Examination of non-endolipid reticuloendotheliosis syndrome in children

1. Blood test: Peripheral blood hemoglobin and red blood cell counts are reduced, and white blood cell neutrophils are increased at the time of infection.

2. Bone marrow examination: visible foam cells.

3. Pathological examination: rash and lymph node biopsy, such as tissue endothelial cell hyperplasia and visible foam cells can be diagnosed.

4. X-ray examination: X-ray examination shows that the skull has a map-like defect, pelvis, sacral, femoral, scapular, rib, spine, etc., the bone also has defects, the saddle destroys the pituitary, and the fibrotic mesh shadow is visible in the lung field.
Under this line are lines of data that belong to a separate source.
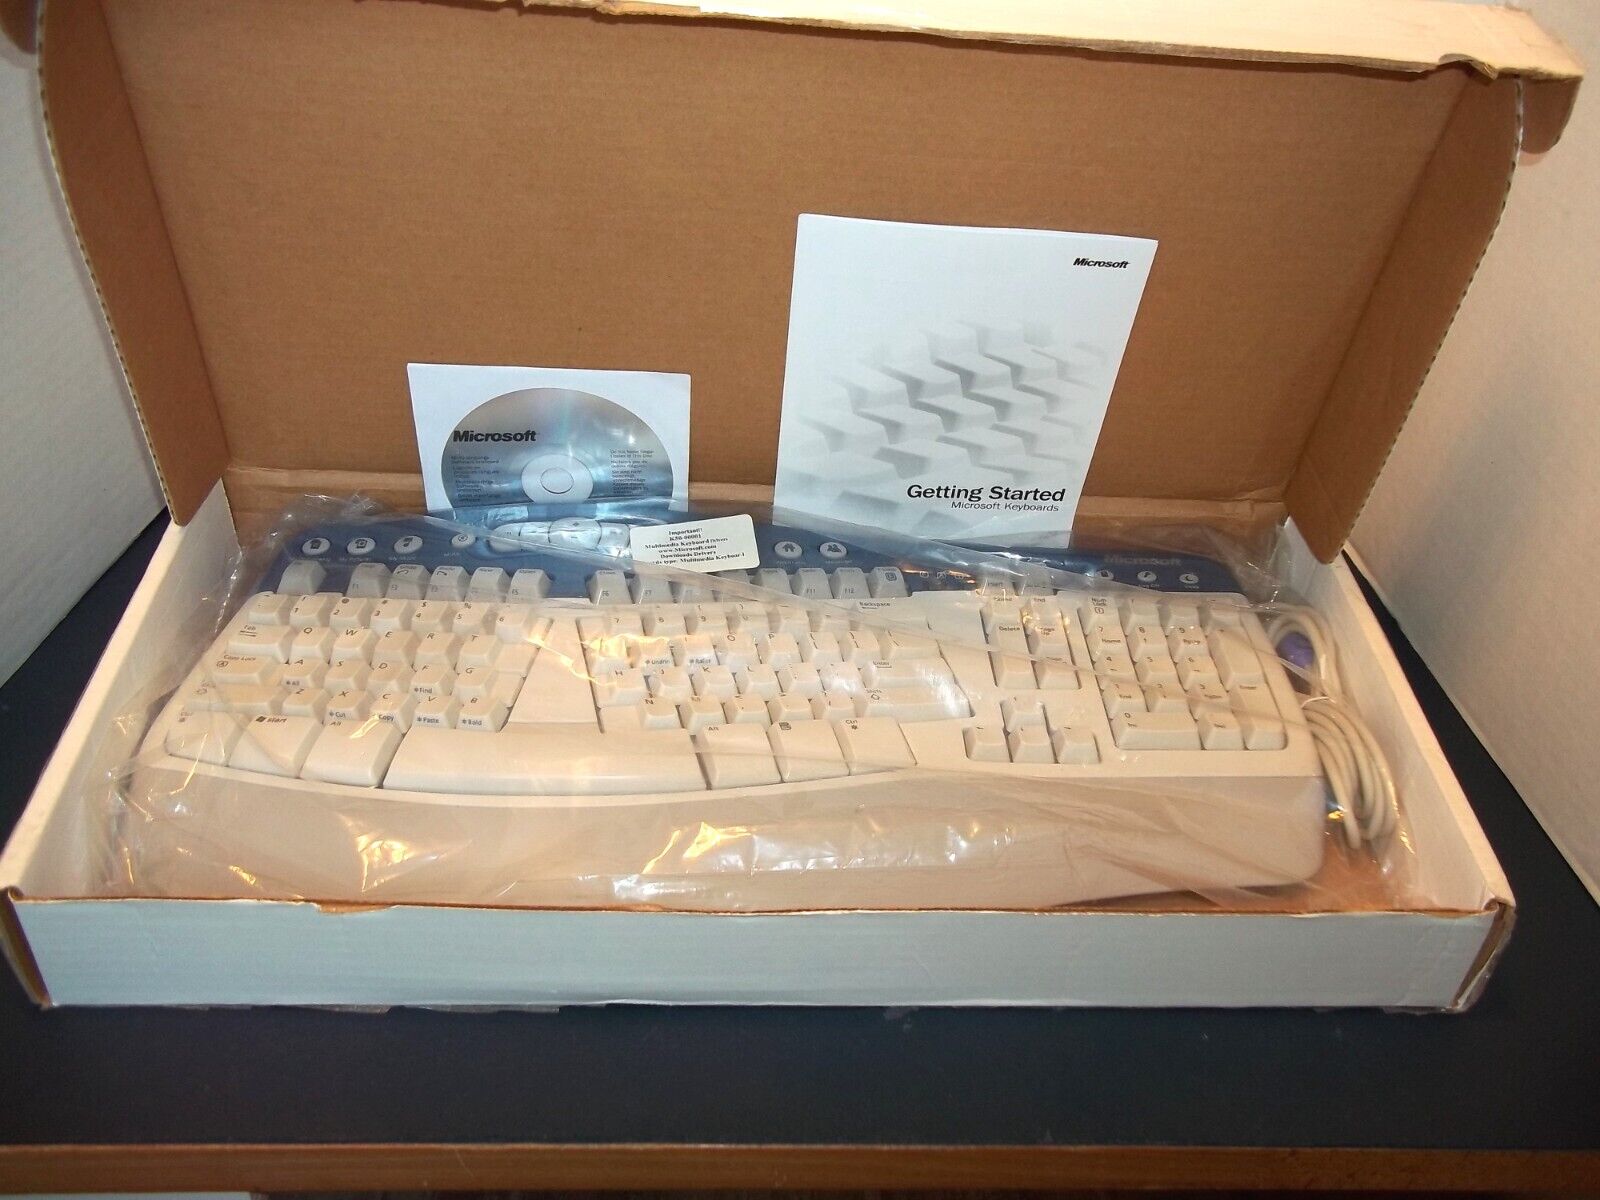 Microsoft Natural Multimedia Keyboard Brand New in Open Box - Never Used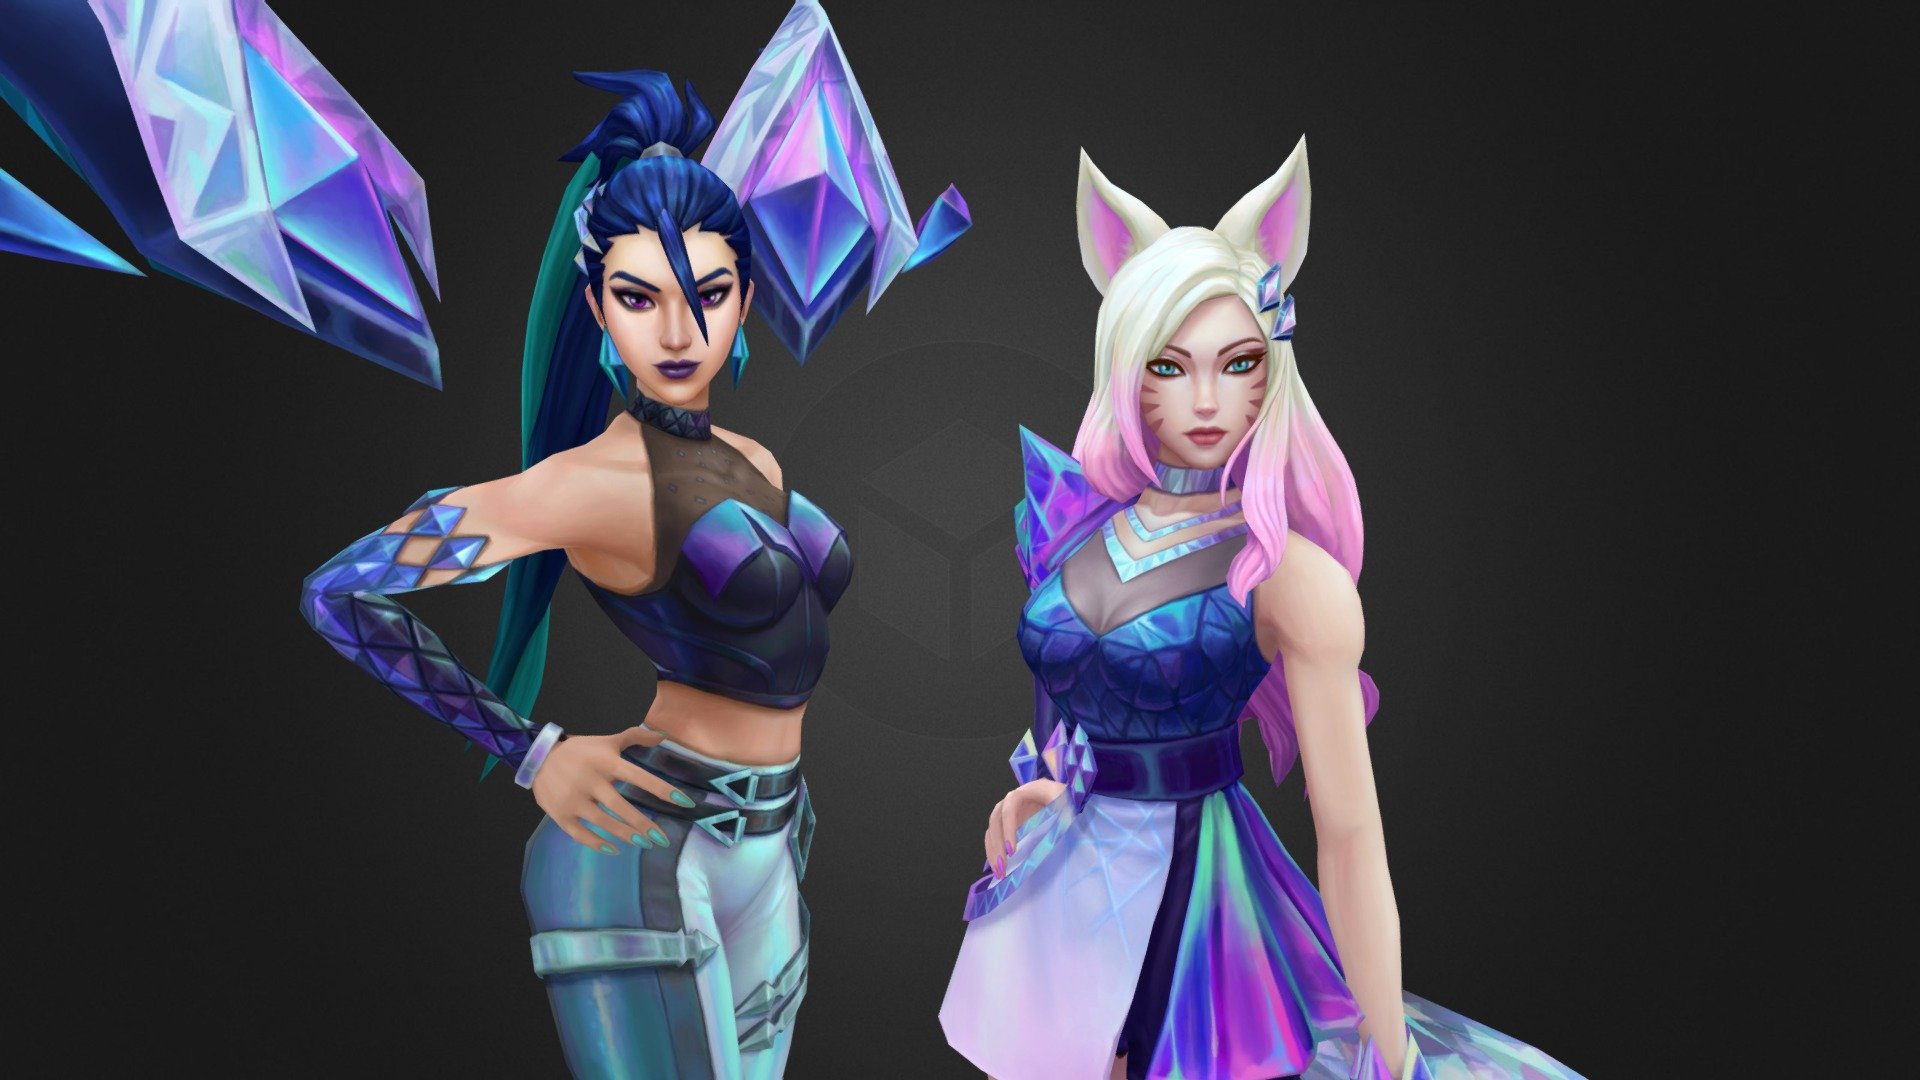 Had the honor of working on K/DA ALL OUT Kai'sa and Ahri.   These are the in game 3D models for League of Legends.  These projects were a huge collaborative effort and a dream come true to work on.  HUGE thank you and congrats to the team and all the amazing people who worked on these skins and events! ❤ Hope you enjoy the show! ^_^- 
(More screenshots can be found here!) 
https://www.artstation.com/artwork/q9NNWR 

https://www.artstation.com/artwork/ELZgdq 
(Ahri's tail painted diffuse for model viewer!)

Kai'sa Concept: Nancy Kim
https://www.artstation.com/nkim
Ahri Concept: Rheekyo Lee
https://www.artstation.com/artwork/oAz1nL
Animation: Einar Langfjord
https://www.artstation.com/pelican
VFX: Walker Paulsen
https://www.artstation.com/cyan_fox
Tech Art: Isabella Cheng-Henehan
https://www.artstation.com/izzyccheng
Audio: Rachel Dziezynski
Producer: Ambrielle Army
QA: Nathan Hales

Models belong to Riot Games and not available for download :) - K/DA ALL OUT Kai'sa and Ahri - 3D model by kyliejaynegage (@kyliejaynesmith) 3d model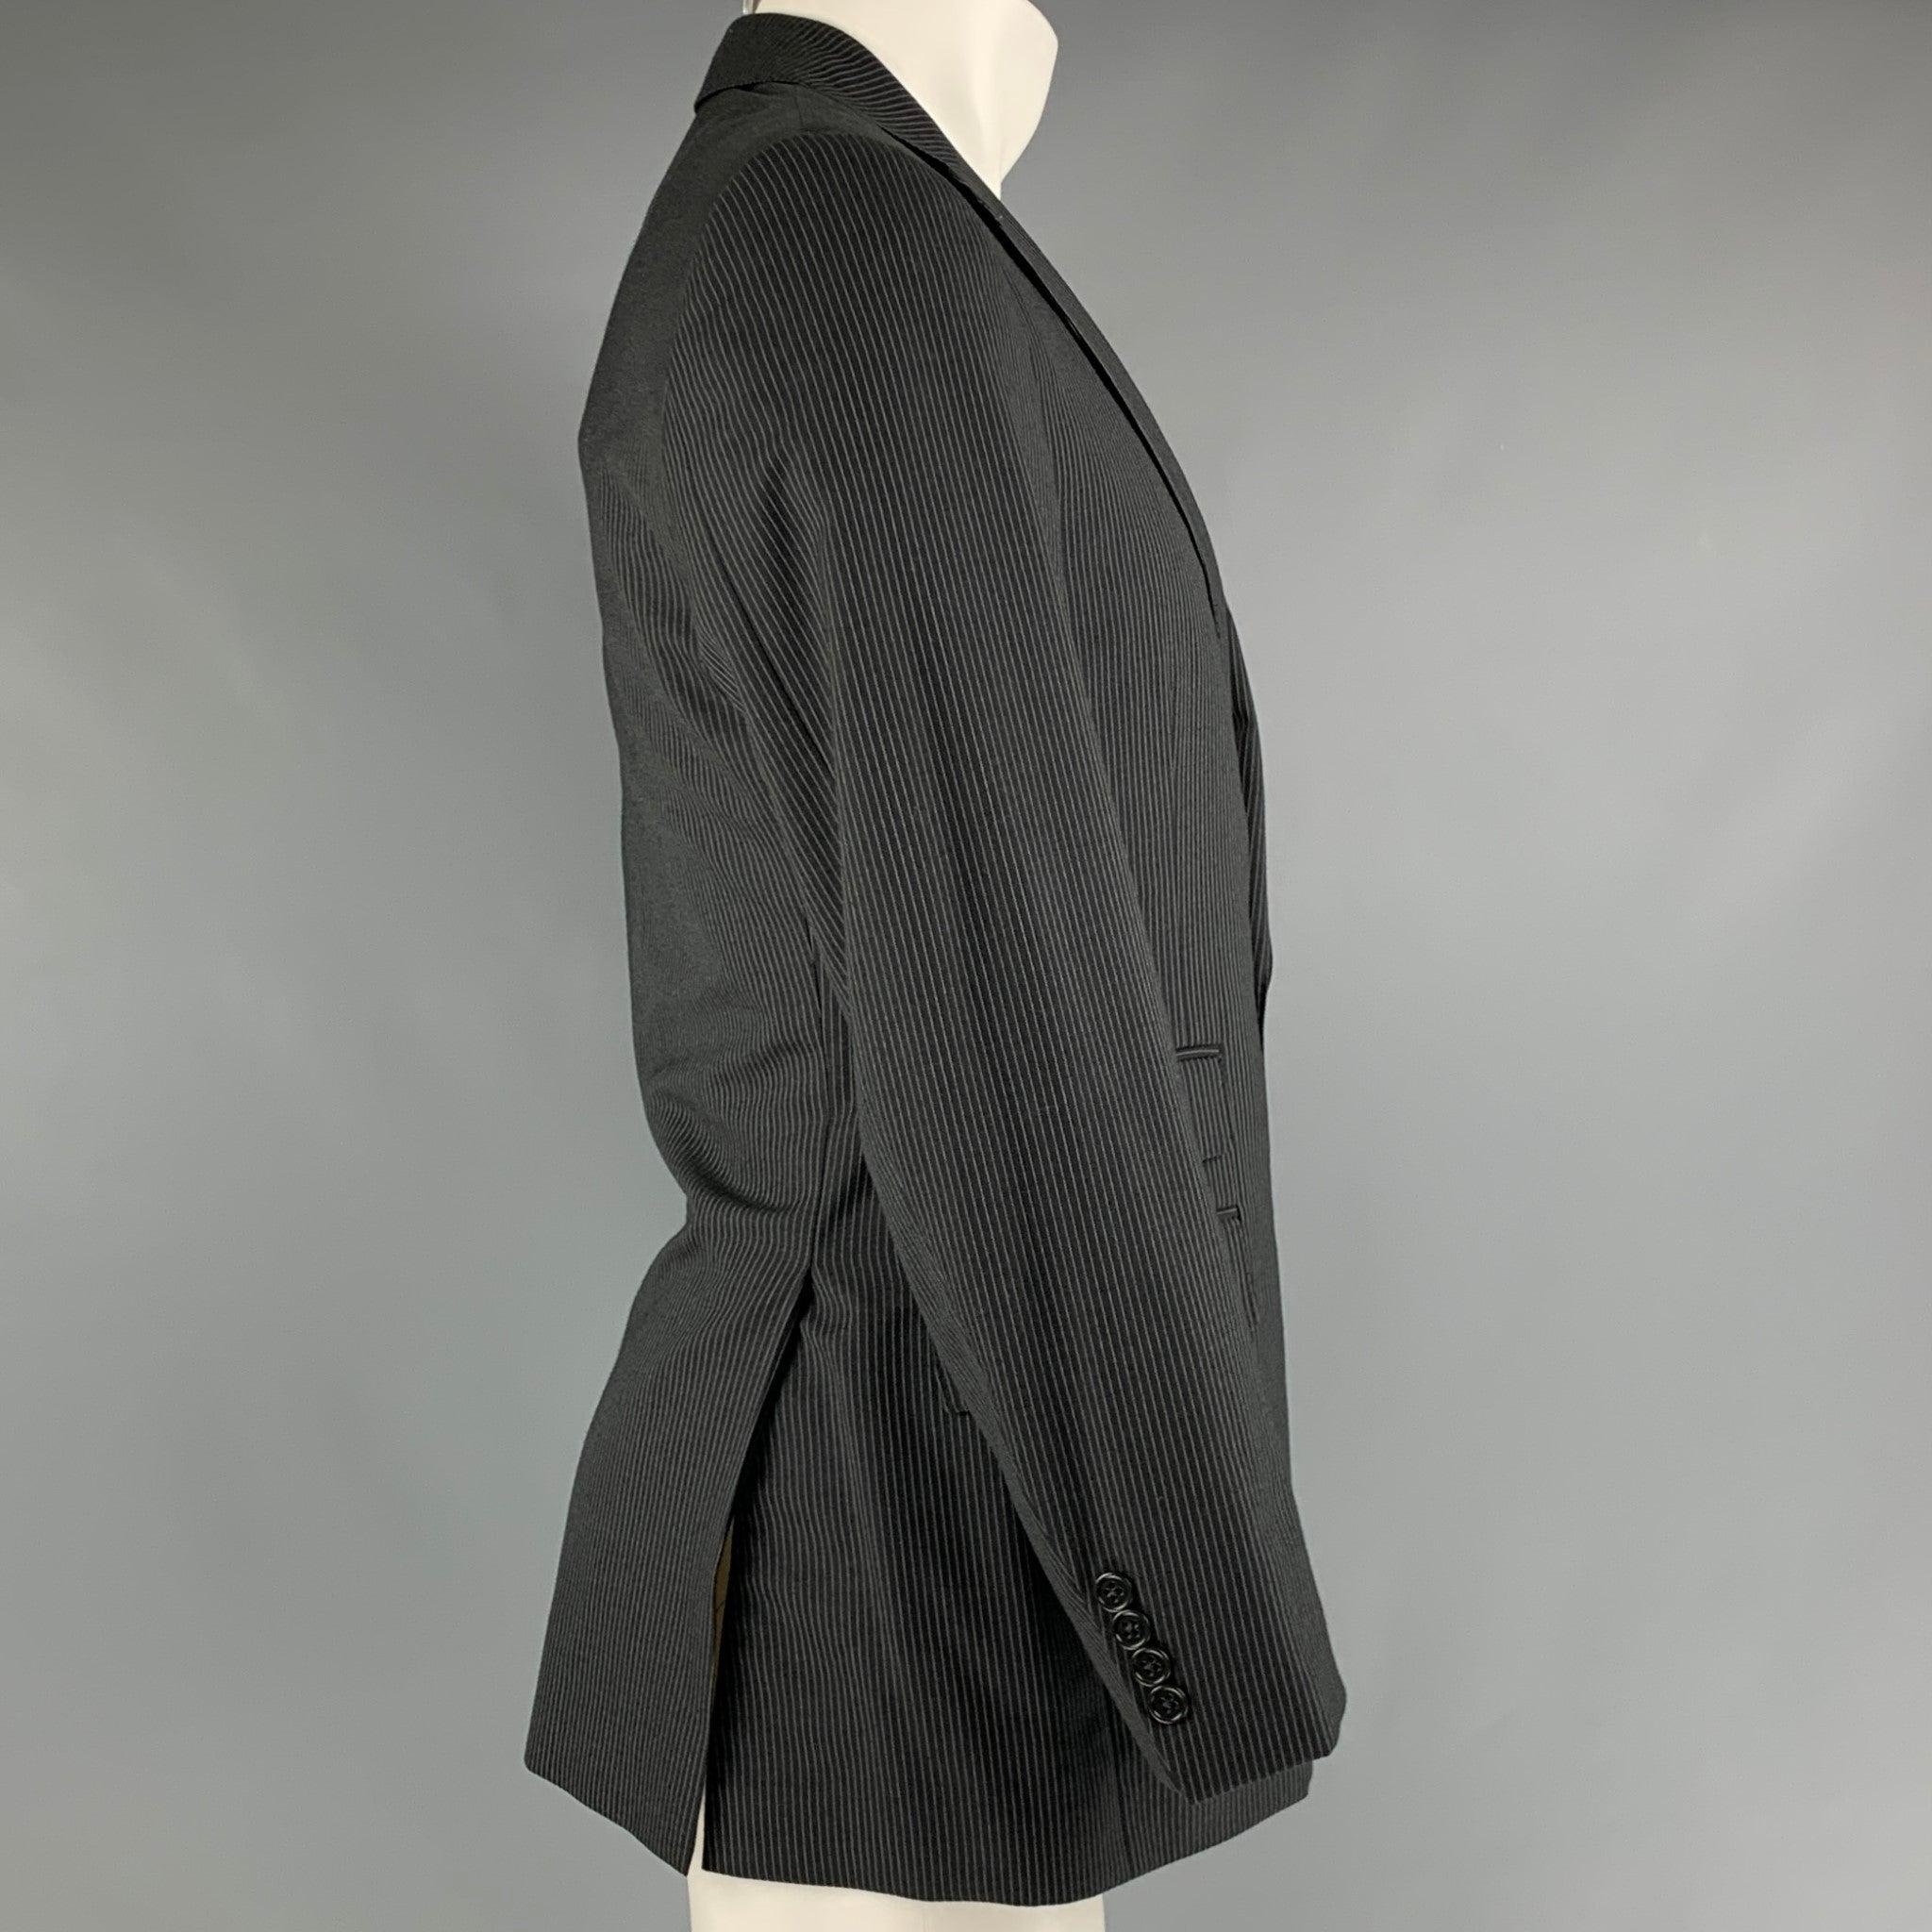 RALPH LAUREN PURPLE LABEL
sport coat in a black and grey pinstripe wool featuring a notch lapel, flap pockets, double back vent, and a double button closure. Handmade in Italy. Very Good Pre-Owned Condition. 

Marked:   38 R 

Measurements:

5. B-ultrasound: hepatosplenomegaly can be found

Diagnosis

Diagnosis and identification of non-endolipid reticuloendotheliosis syndrome in children

diagnosis

If there is bone defect, especially skull defect with exophthalmia, diabetes insipidus, combined with X-ray examination is not difficult to diagnose, but most cases, especially in the early stage, do not have typical symptoms, such as otitis media with prolonged unhealed, When the head mass, rash and other symptoms, should consider the possibility of the disease, early bone marrow examination and pathological examination.

Differential diagnosis

Identification with diabetes insipidus and blood diseases, laboratory tests can help diagnose.